The GE-powered rainbow tunnel uses Tetra Contour, a customisable LED system.
Up we go…
Right when you walk in, there’s a vibrant sign welcoming shoppers to the store.
There’s also a guide to the shop, explained using “chapters” with titles like “Paint The Town Red” and “Orange You Glad You Came.”
Even the colour-block carpet was specially designed for Story by Flor, a custom tile and area rug company.
“Look down and prepare to be floored,” reads one of several “Hue Should Know” informational signs posted throughout the store. We see what you did there.
First, we visited the red room.
Unlike the carnal pleasures of the infamous Fifty Shades of Grey red room, this included an eclectic mix of trendy scarlet-hued items like headphones, soap, candles, notebooks, and gummy bears.
In true ROYGBV fashion, the orange room was located adjacent to red.
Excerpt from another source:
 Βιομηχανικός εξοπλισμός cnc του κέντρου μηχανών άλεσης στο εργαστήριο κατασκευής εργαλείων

This included a similar mix of whimsical home goods and knickknacks.
Ditto the yellow room.
The green room was filled with tons of avocado-themed items, an obvious play for millennial shoppers.
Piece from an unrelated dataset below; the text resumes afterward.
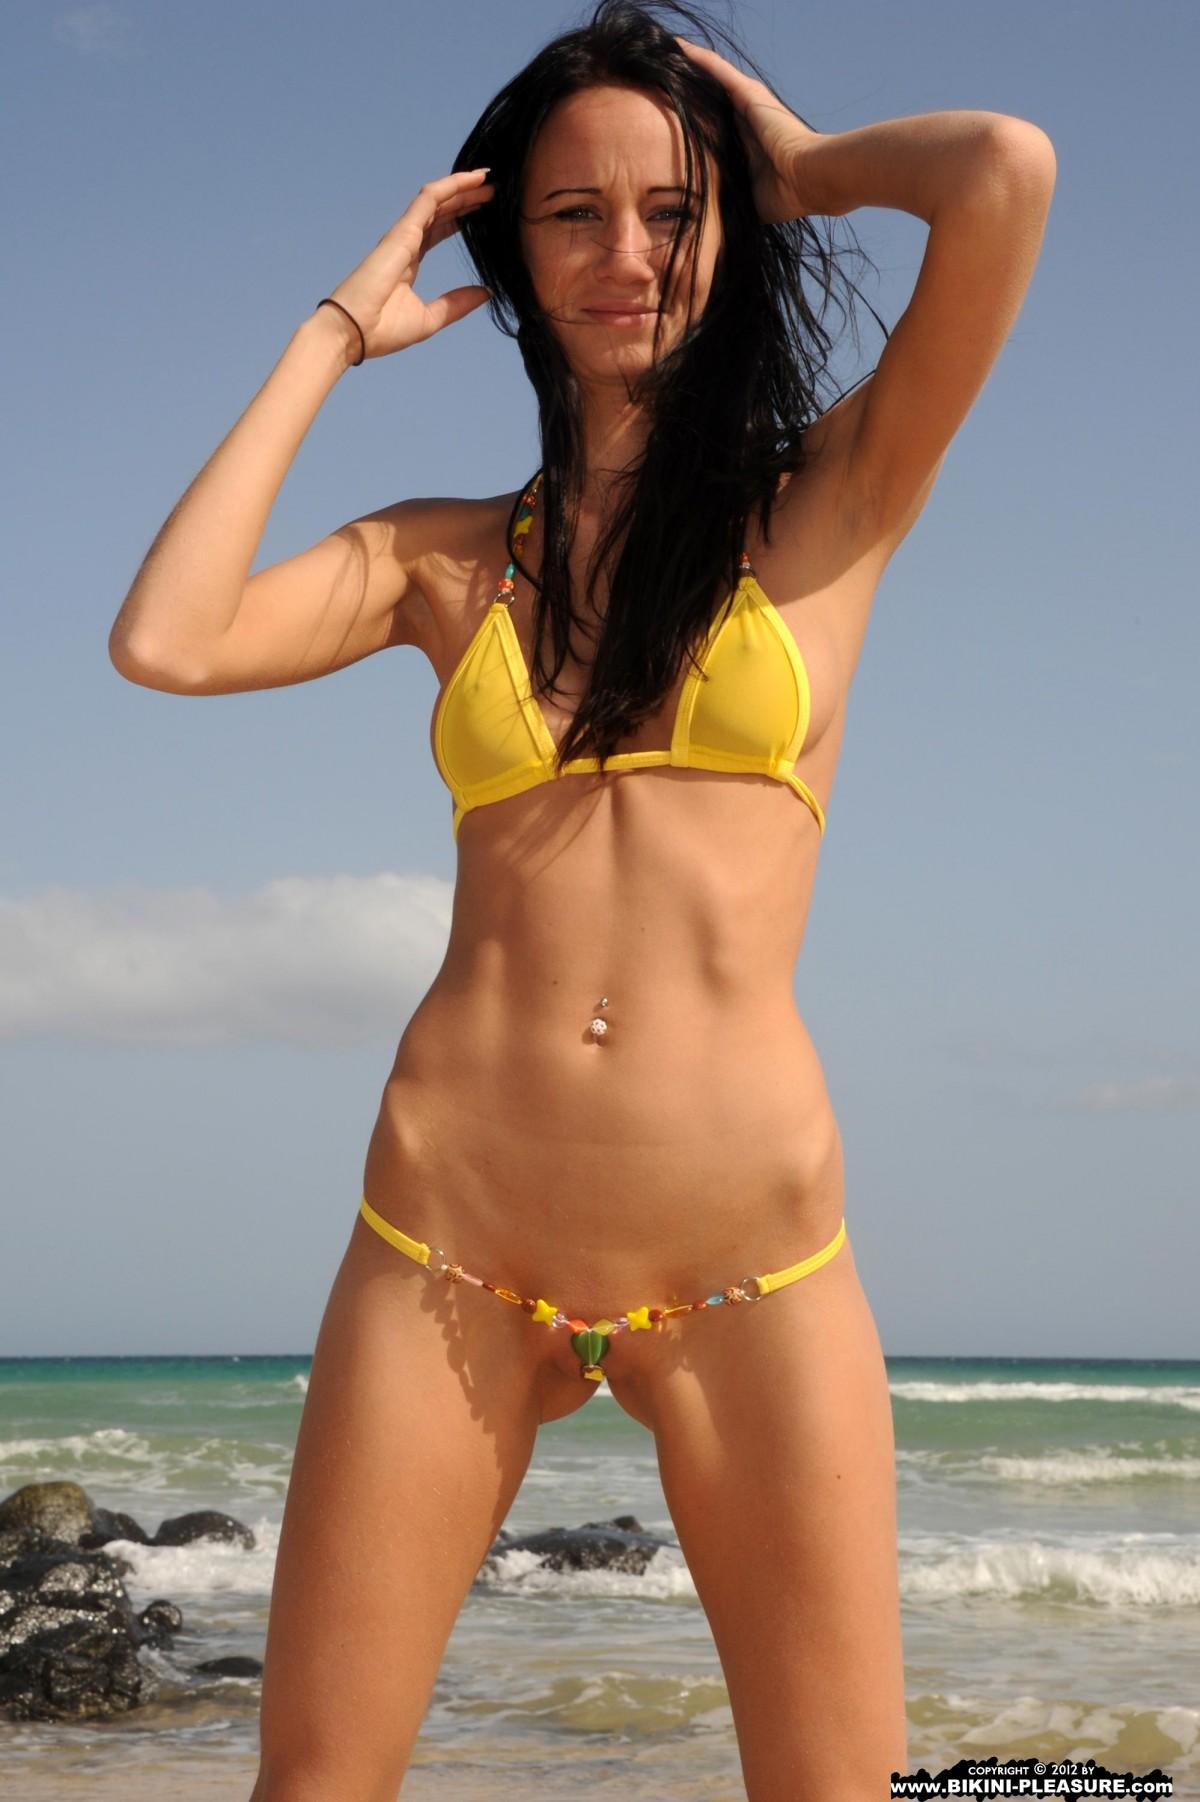 Фото раздвинула ножки на пляже

Have you heard the one about how how millennials aren’t buying homes because they’re spending all their money on avocado toast?
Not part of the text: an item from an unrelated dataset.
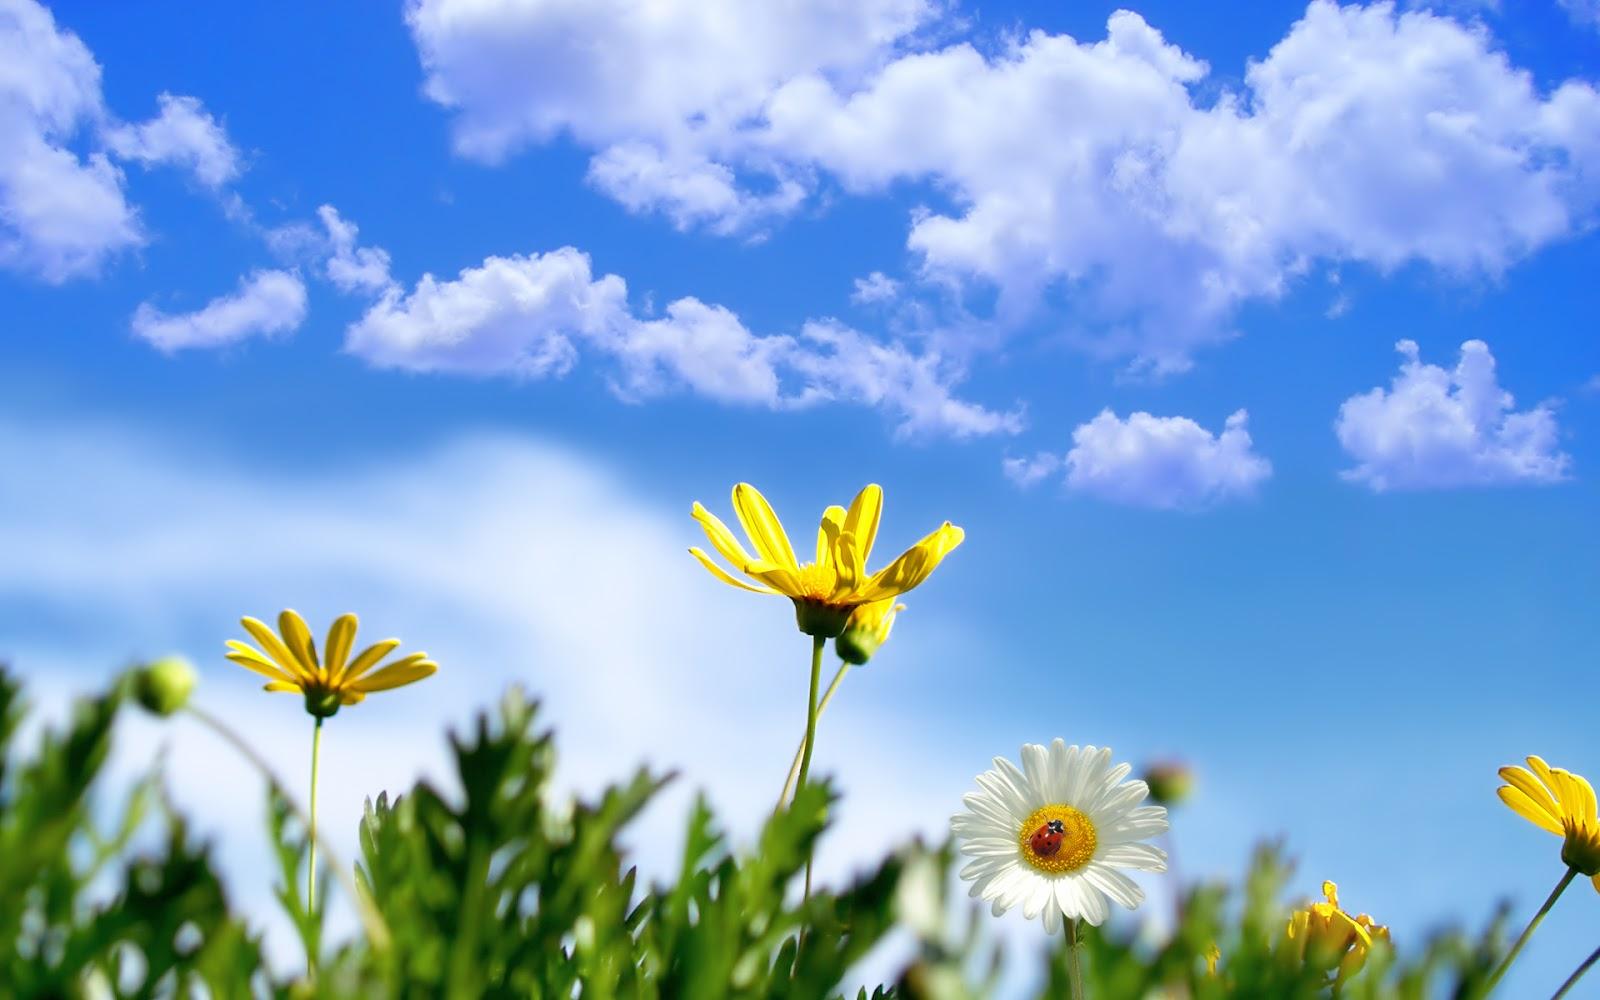 http://2.bp.blogspot.com/-q4PaCzECsJ4/UT9ReUMxFsI/AAAAAAAABzU/a4h6O-7C40Q/s1600/Spring-wallpapers-HD-desktop-background-free-flowers.jpg

In between the monochromatic rooms, we found interactive areas like this one, where shoppers can customise wallets and purses with their initials.
Behind the wallet station there was a wall of customisation inspiration, along with other goodies available for purchase.
For the beauty buffs, Story has a section devoted to customised MAC colour palettes, where shoppers can choose their favourite shades and emblazon them with images and emojis.
On our way to the blue and violet rooms, we found the mesmerising Story Wall, designed by David Stark Design + Production to look like the popular children’s toy Lite-Brite.
Shoppers can move lights around to spell out custom messages.
In the blue room, we found even more whimsy.
The purple area included items like crystals and an accompanying book “The Crystal Companion.”
There was so much neon lighting.
But Story’s not just for millennial and Gen Z shoppers. There’s also a section for kids.
The kids area is loaded with Crayola crayons and colourful picnic tables where they can draw and play.
However, there were no kiddos to be seen on a recent Thursday afternoon.
There’s even a wall display made entirely of green crayons.
After we saw all of the colour rooms, we worked our way around the perimeter to find the exit.
But wait, there’s more. The New York City Story has a section dedicated to — you guessed it — New York-themed paraphernalia.
Then we discovered there’s a lounge area where you can buy cotton candy.
The cotton candy comes in unique flavours like key lime and banana.
You can even play a round of ping-pong if it suits your fancy.
Ultimately, Story was a visual playground, ripe for vibrant Instagram backdrops.
We left feeling slightly overstimulated and empty-handed, but otherwise enjoyed our visit.